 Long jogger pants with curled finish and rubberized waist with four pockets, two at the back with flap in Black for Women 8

* * *

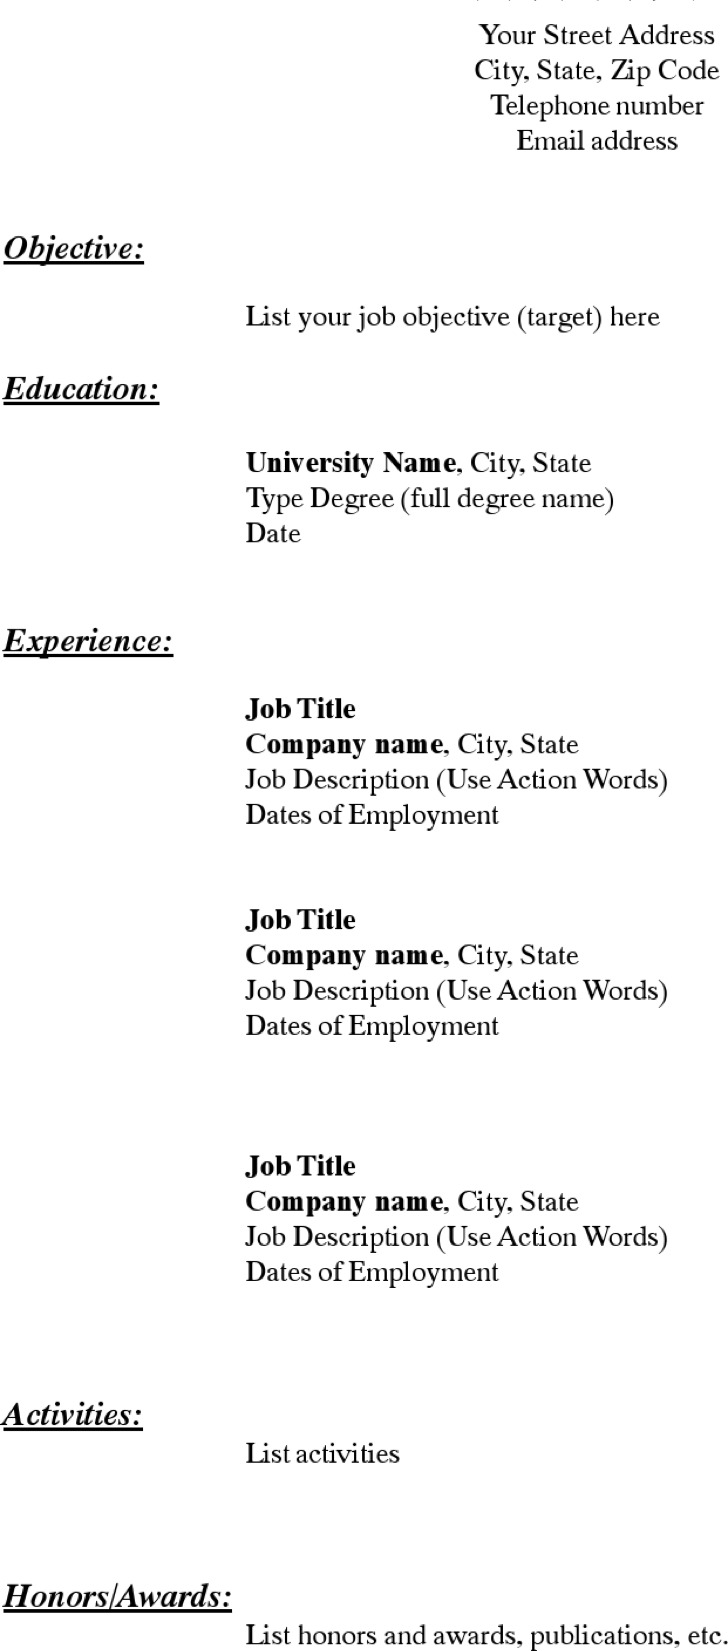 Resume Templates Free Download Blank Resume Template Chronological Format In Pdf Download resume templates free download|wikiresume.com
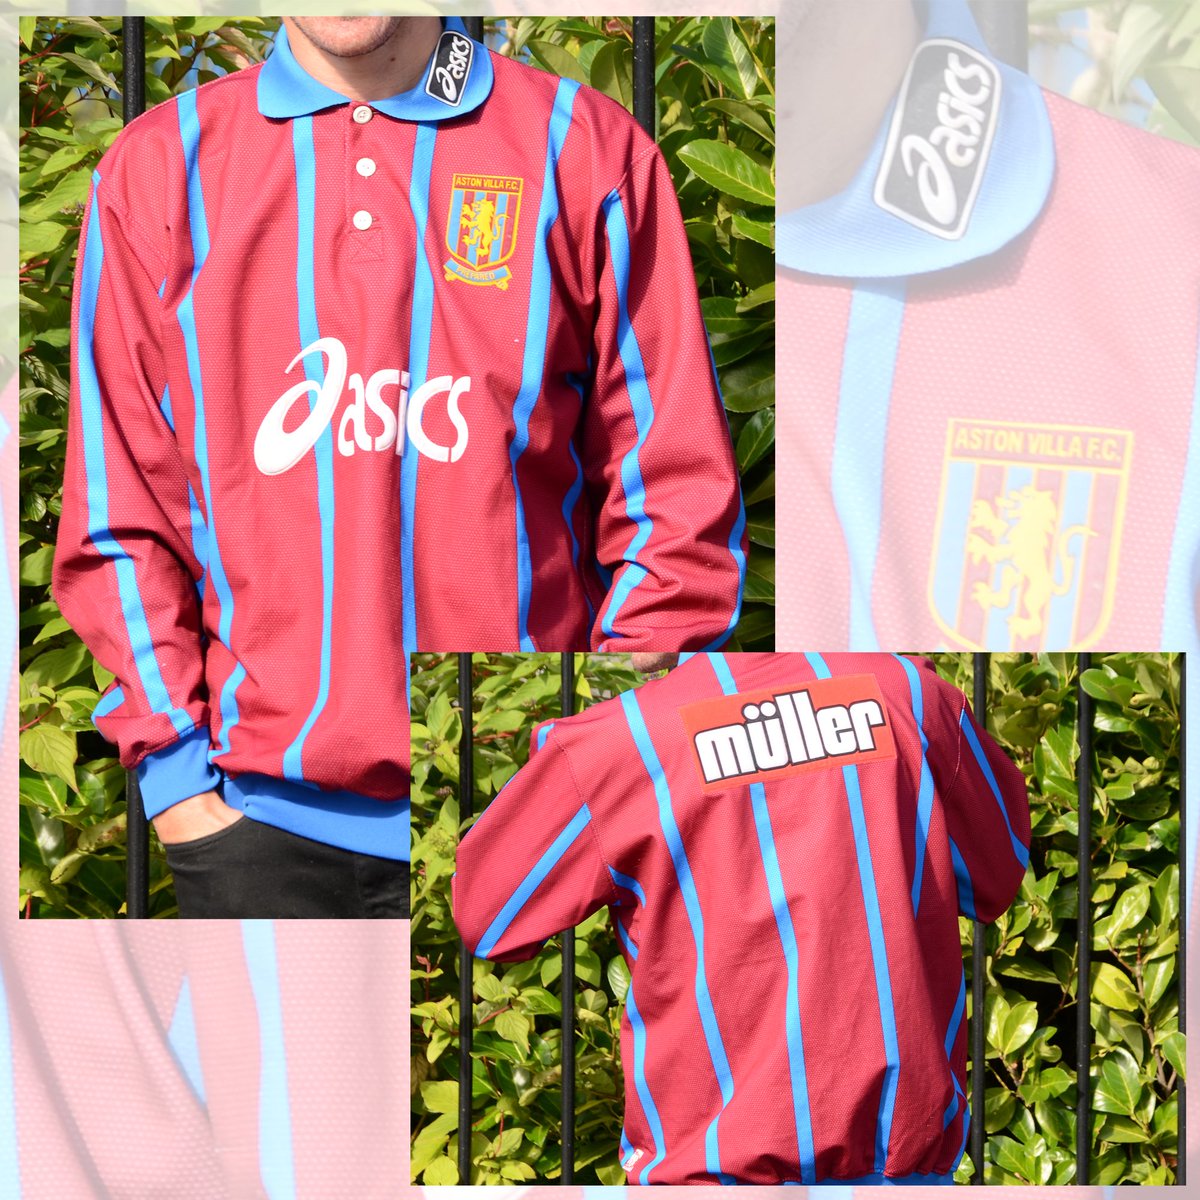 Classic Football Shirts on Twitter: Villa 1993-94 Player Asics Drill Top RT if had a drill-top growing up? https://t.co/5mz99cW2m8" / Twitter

§ EXERCISE GOAL
Start at the line containing "Resume Templates Free Download Blank" above and stop at the line containing "Classic Football Shirts". Output those lines exactly, both included, but none of the pictures.

§ WORKED SOLUTION
 Resume Templates Free Download Blank Resume Template Chronological Format In Pdf Download resume templates free download|wikiresume.com
 Classic Football Shirts on Twitter: Villa 1993-94 Player Asics Drill Top RT if had a drill-top growing up? https://t.co/5mz99cW2m8" / Twitter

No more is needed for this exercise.